I found this one a bit of a slog, to be honest. By the time the film started properly, I was already irritated by Paul McCartney singing “this ever-changing world in which we live in,” and Roger Moore did not exactly improve my mood. For one thing, he’s no Sean Connery; for another, he’s Roger Moore.
I’m not at all convinced by Moore in the leading role. It would be good if he could add another facial expression or two to his repertoire
, for instance, and even when jumping across crocodiles’ heads to safety, he looks like a man trying not to wrinkle his suit on his way back to the office. On that subject, his suits of beige and blue don’t seem as fitting for the role as Connery’s blacks and greys. However, Moore does introduce the Tactleneck to the Bond franchise, as pictured above, which is nice.

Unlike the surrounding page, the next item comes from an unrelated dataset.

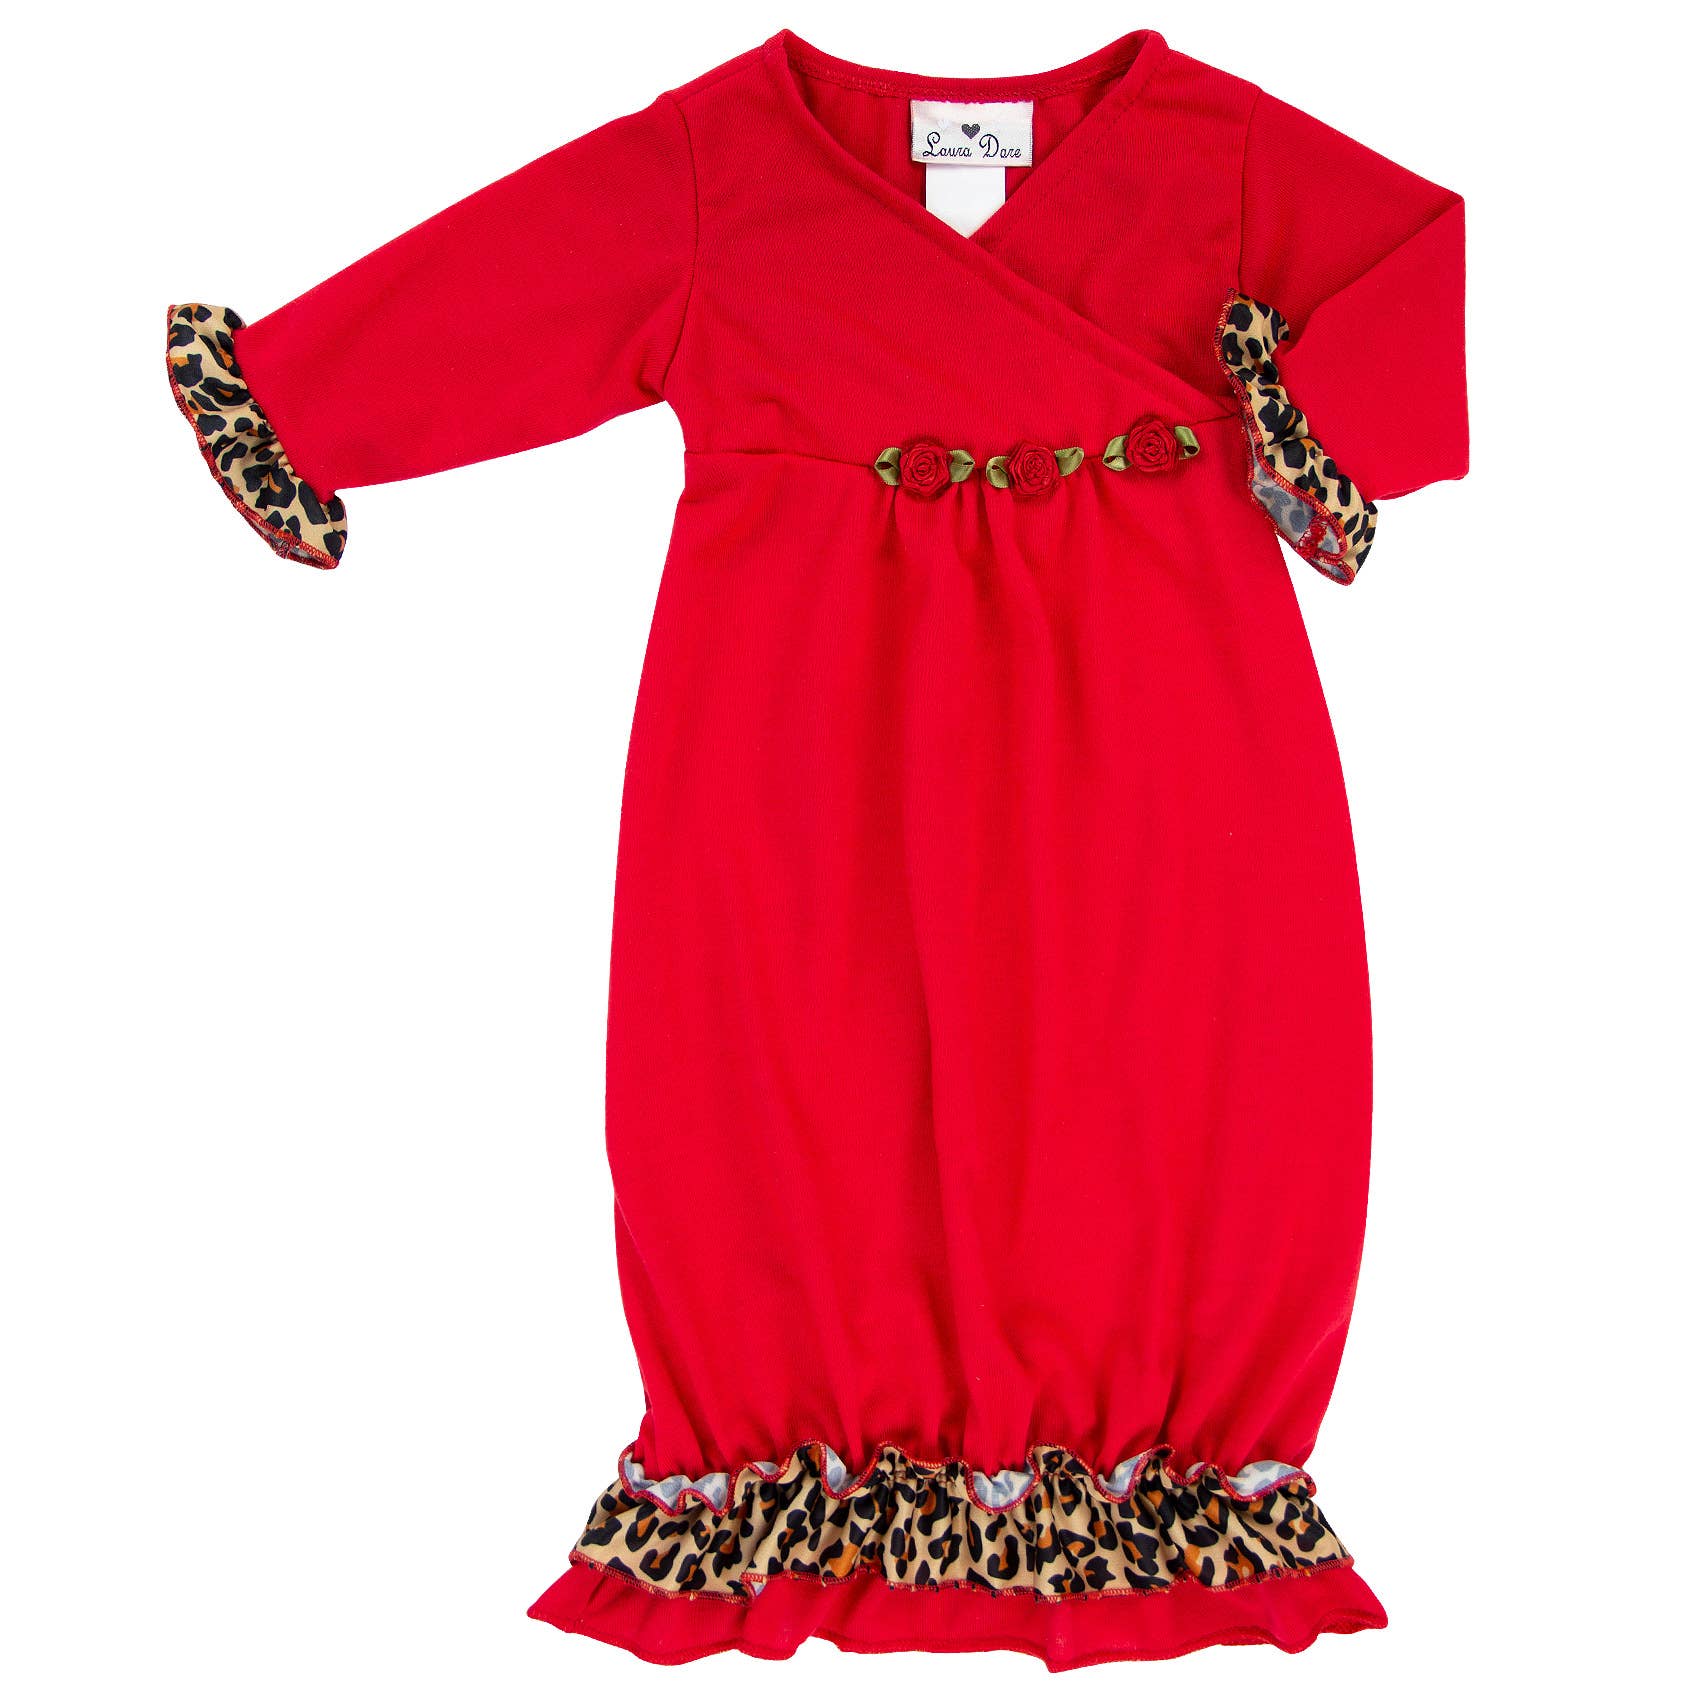 Details about   LAURA DARE Newborn 3 6 9 Month Choice Pajama Sleepwear or Halloween NWT 
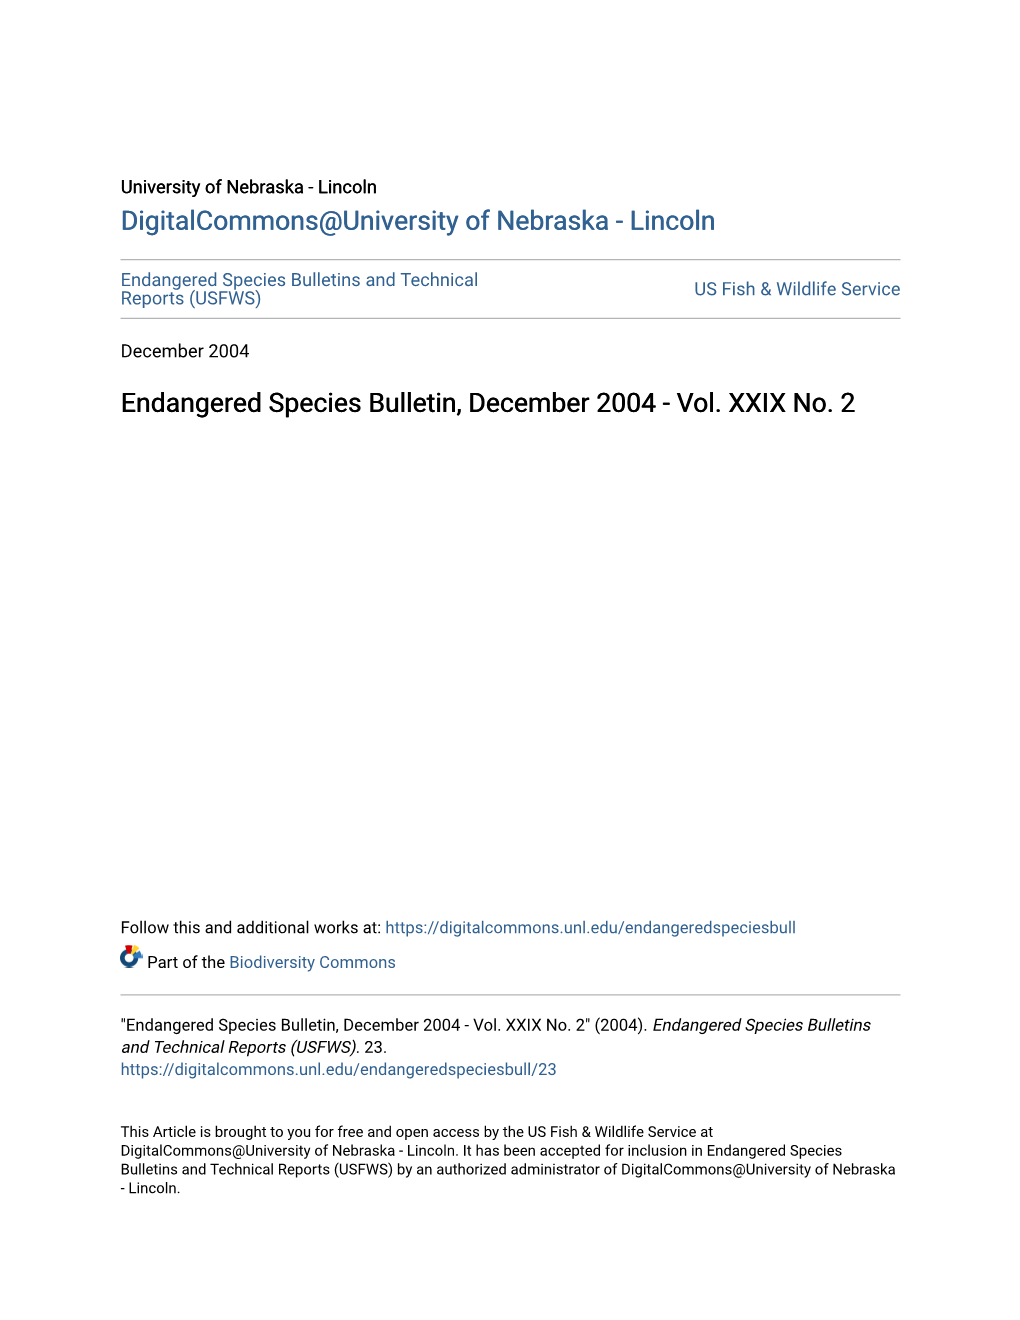 Endangered Species Bulletin, December 2004 - Vol

This film, while entertaining enough in places, seems to go off the rails a bit, bringing in occult elements such as Tarot cards, in which we’re now supposed to believe in.* There are some rather dodgy stereotypes dished out to the black villains of the film, and Sheriff J. W. Pepper couldn’t be more reminiscent of Foghorn Leghorn if he sprouted wings. We also finally get the chance to meet Quarrel Jr., the son of Quarrel, a minor character from Dr. No, who turns up here for some reason.
Plot-wise and theme-wise, this is fairly in keeping with what I’ve seen so far, with Guy Hamilton continuing as director, toning down some of the slapstick and over-explanation of Diamonds Are Forever. Roger Moore has a lot to do to convince me as Bond, I’m sure he’ll be devastated to learn. Fortunately, he has six more films in which to do so. Super.